Brazil’s military may have put foot wrong in marching with Bolsonaro

São Paulo Letter: Far-right president distrusts army and sides with forces of paranoia

Brazilian president Jair Bolsonaro speaks to army general Luiz Eduardo Ramos Baptista Pereira: the generals have been serially humiliated by the president and his sons. Photograph: Fernando Souza/AFP/Getty

Brazilian president Jair Bolsonaro speaks to army general Luiz Eduardo Ramos Baptista Pereira: the generals have been serially humiliated by the president and his sons.
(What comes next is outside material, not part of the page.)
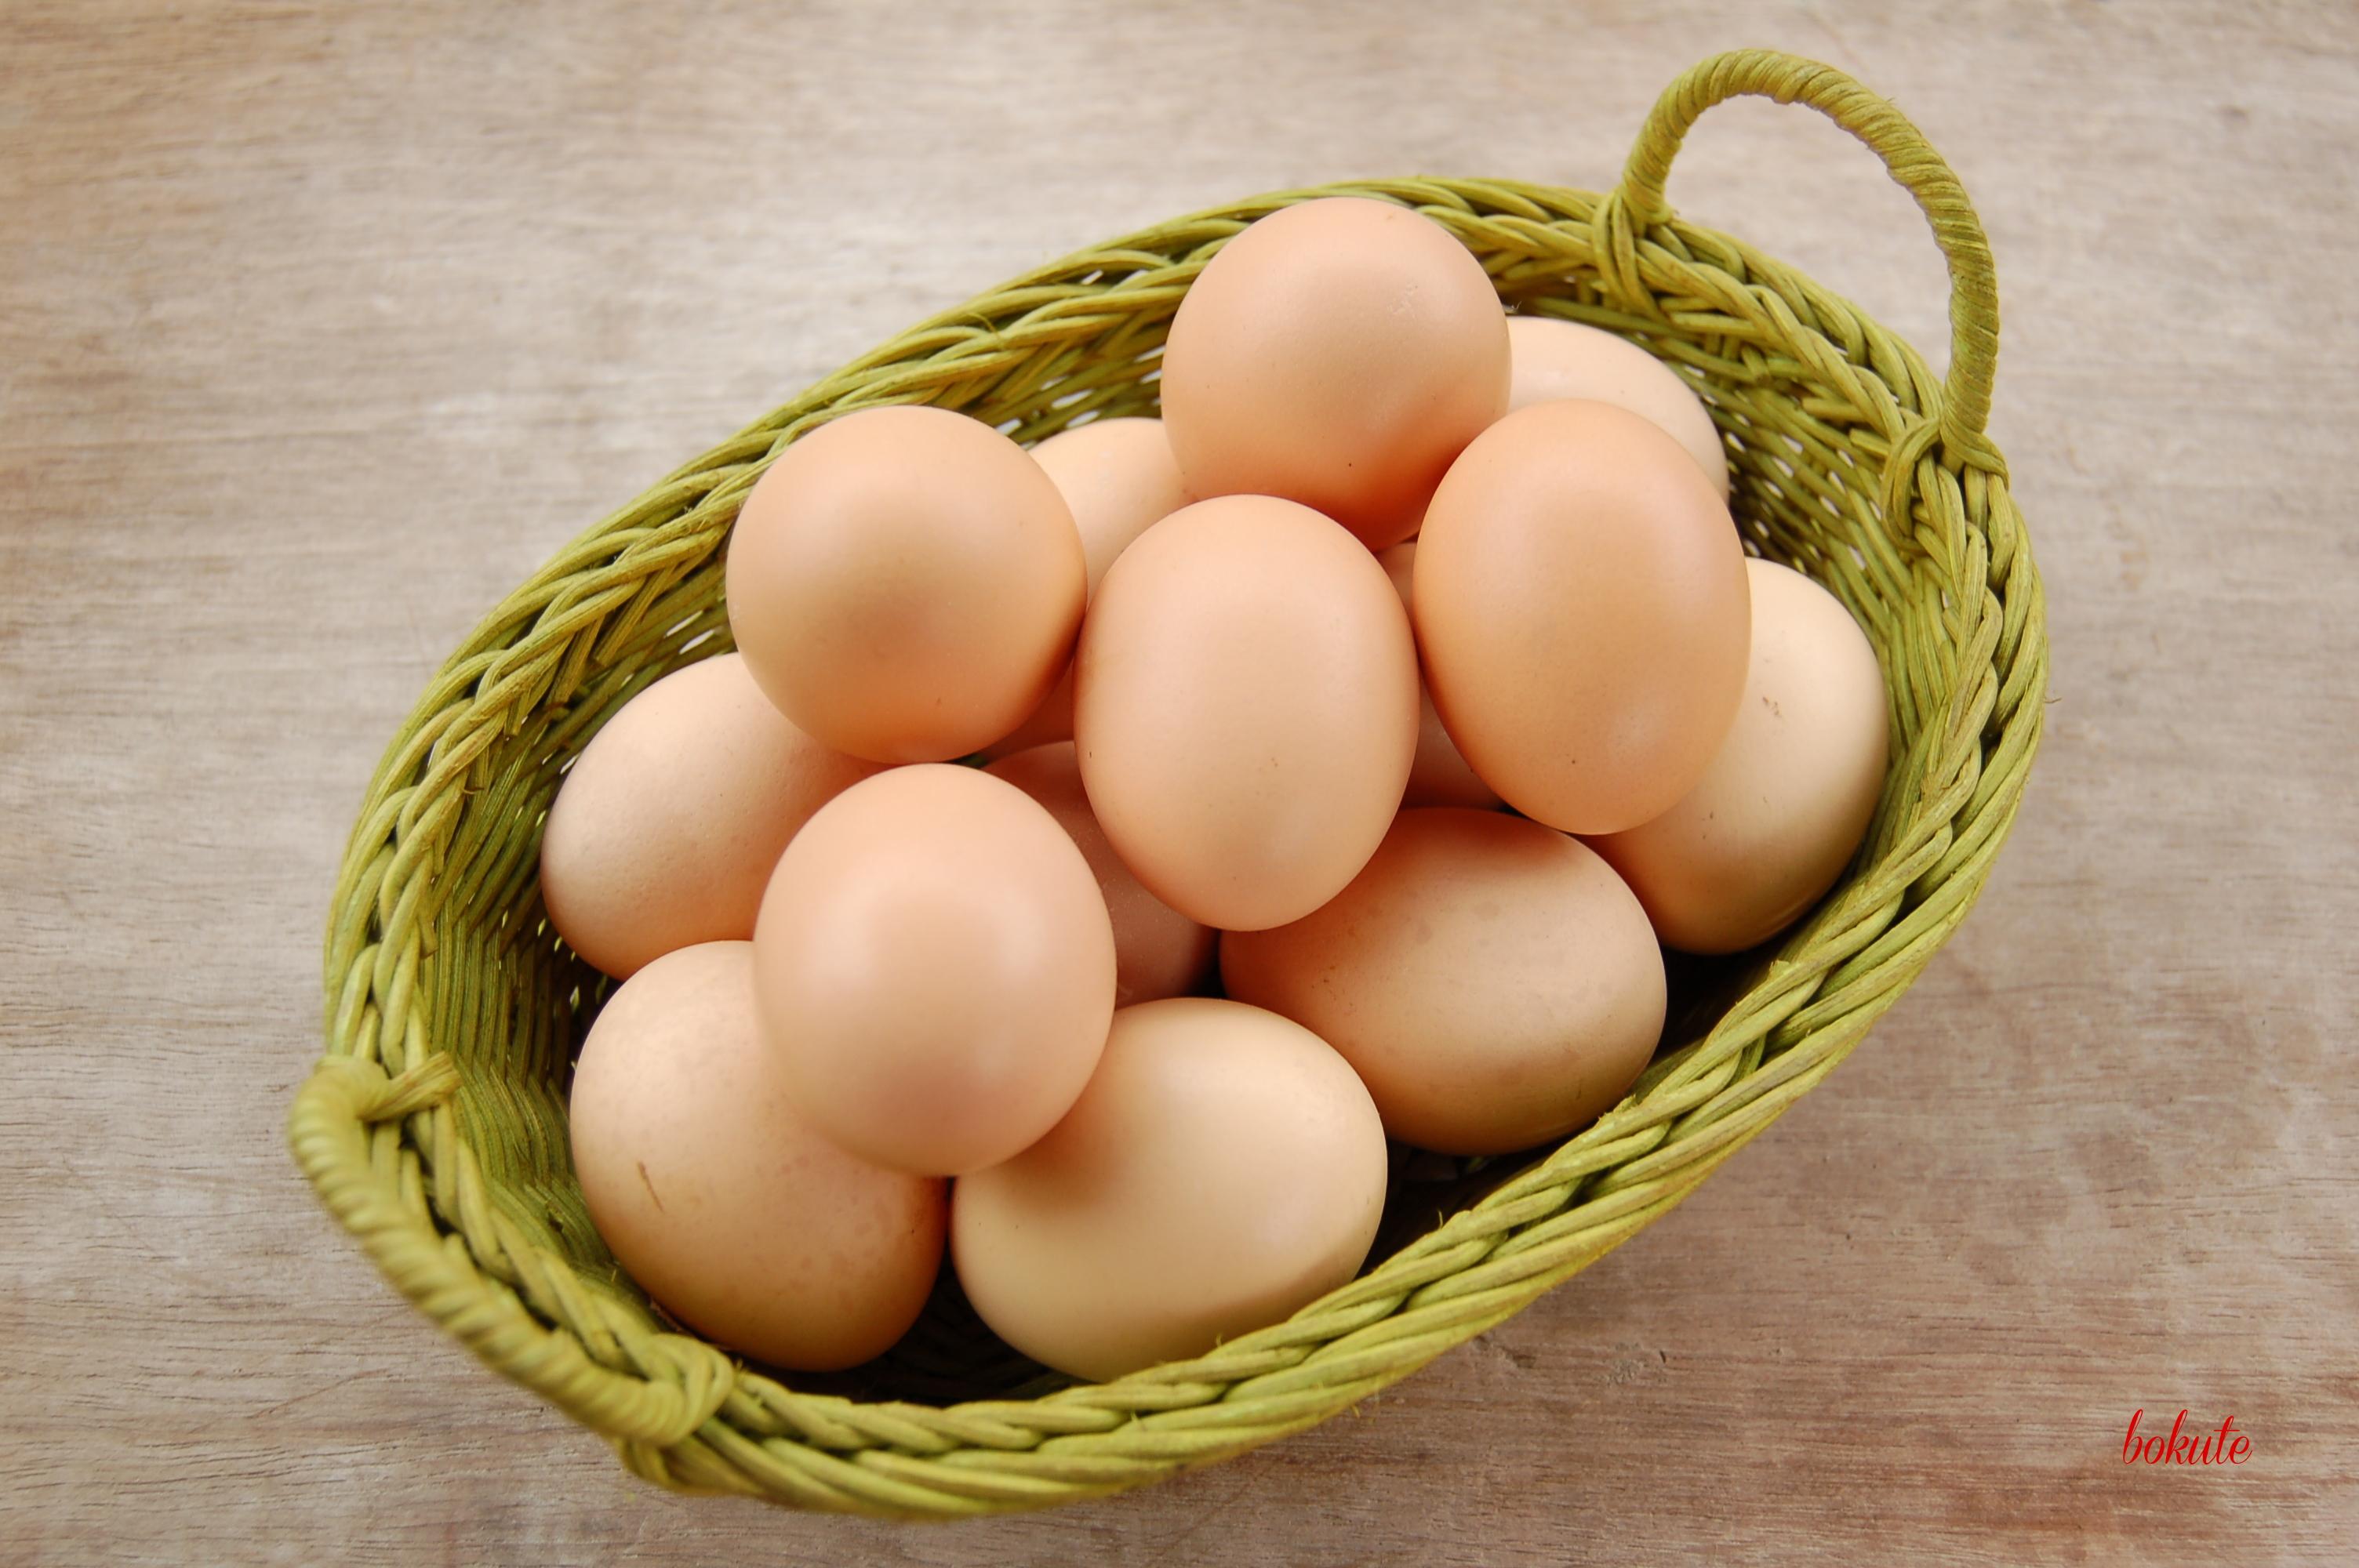 Trị mụn trứng cá bằng 5 nguyên liệu tự nhiên 3

Photograph: Fernando Souza/AFP/Getty

 

For men steeped in grand strategy, the generals who agreed to serve in the administration of Brazil’s far-right president Jair Bolsonaro increasingly look like they have made a strategic mistake.
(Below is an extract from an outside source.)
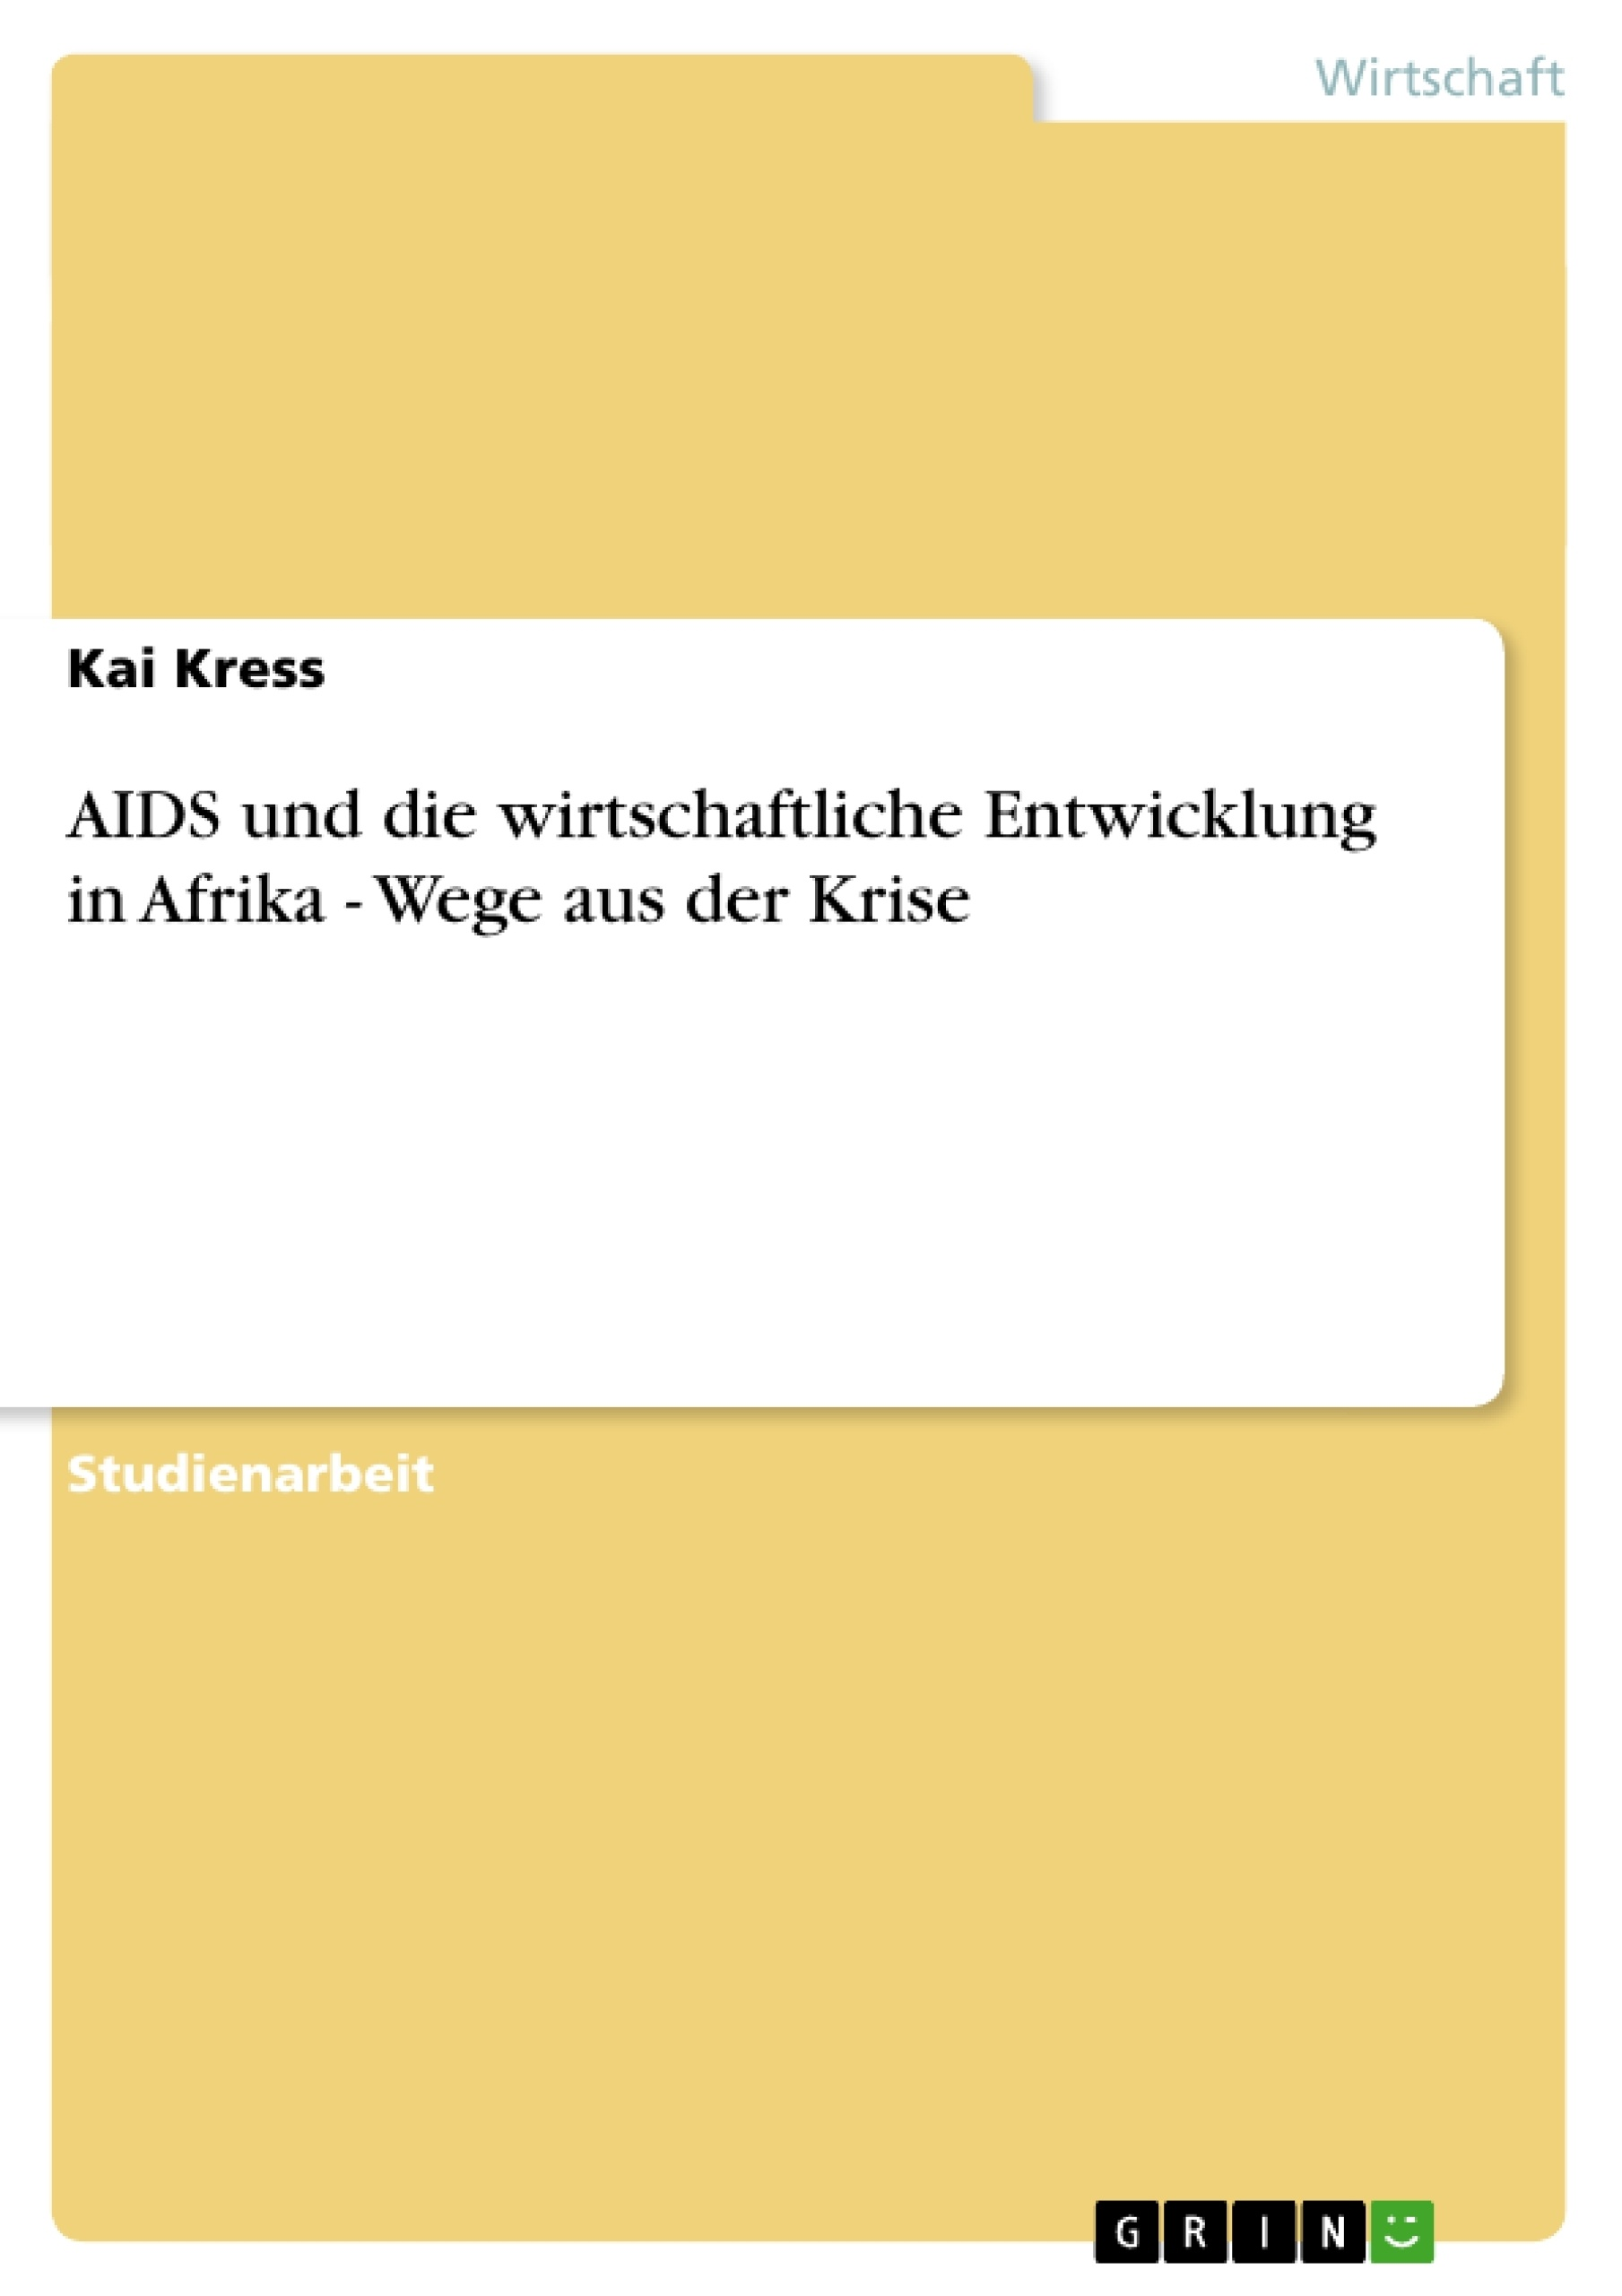 Titel: AIDS und die wirtschaftliche Entwicklung in Afrika - Wege aus der Krise

Early expectations that this group of retired senior officers would exert some influence and even a measure of control over the mercurial and patently unprepared former army captain are receding rapidly.

Rather than exercising a moderating tutelage, the generals have instead been serially humiliated by the president and his sons, who have been egged on in doing so by the former astrologer Olavo de Carvalho, who serves as their ideological guru.

Victims include a high-profile trio at the heart of the administration – vice-president Hamilton Mourão, former army chief Eduardo Villas Bôas and the one-time head of the UN peacekeeping mission in Haiti, Augusto Heleno. All have suffered online abuse and attacks ranging from accusations of stupidity to insinuations of treason by Carvalho and the Bolsonaro sons, which the president has pointedly refused to repudiate.

When former three-star general Carlos Alberto dos Santos Cruz, a hero of the UN peace enforcement mission in the Democratic Republic of Congo, was summarily dismissed from his ministerial post not long after being called a “starched shit” by Carvalho, he did not hold back. In an interview he described the Bolsonaros’ way of doing business as having resulted in “a shit show”.

Alt-right faction

For a man who professes to worship the armed forces, Bolsonaro clearly seems to distrust some of the military men in his administration, siding instead with its paranoid, fake-news obsessed alt-right faction inspired by Carvalho and led by his sons.

In doing so, he has confirmed an observation Gen Villas Bôas made last year when he said Bolsonaro did not represent the return of the military to power: “The image of him as a military man comes from outside [of the military]. He is much more of a politician.”

Despite the abuse, there are motives for the military wing of the administration, made up of retired and serving officers but which is by no means a monolithic bloc, to remain in situ. Those officers are behind Brazil’s refusal to sign up for a mooted US military adventure in Venezuela and more generally are a counterweight to the Bolsonaro clan’s oddly servile attitude towards the Trump administration.

But doing so carries risks. The military worked hard since its dictatorship ended in 1985 to convince society it was done with politics and focused only on its constitutionally designated role. The current high command was always more reticent about embracing Bolsonaro than some of its former members. That three-decade-long effort could now be undermined by the presence of so many military figures in such a hard-right administration.

Chaotic and crisis-prone

Worse, the armed forces, which take great pride in their professionalism, are being associated in the minds of many Brazilians with a to-date chaotic, crisis-prone presidency. It was Villas Bôas himself who warned last year, even as generals lined up to serve in it, that the military could end up paying the bill for a failed Bolsonaro presidency.

If it does, it will only have itself to blame. After all, it knew long before the rest of Brazilian society what Bolsonaro was like. As far back as a 1993 interview, Ernesto Geisel, the fourth of five military presidents in the 24-year-long dictatorship, dismissed the then congressman as, among other things, “a bad soldier”.

He was referring to Bolsonaro’s record of indiscipline and insubordination, which culminated in accusations of a plot to bomb, among other targets, Rio’s main water mains as part of a campaign to demand better pay and conditions.

Bolsonaro always denied the charges and Brazil’s supreme military court absolved him in a trial in 1988, a majority of judges ruling that doubts over the evidence were enough to quash a lower court conviction. But in a new book, journalist Luiz Maklouf Carvalho has meticulously detailed how the court conjured up the doubts over the evidence so as to absolve Bolsonaro in order to protect the reputation of the armed forces.

That absolution saved him from prison and shortly afterwards he launched his political career which now, 30 years later, is causing all sorts of new headaches for Brazil’s top brass.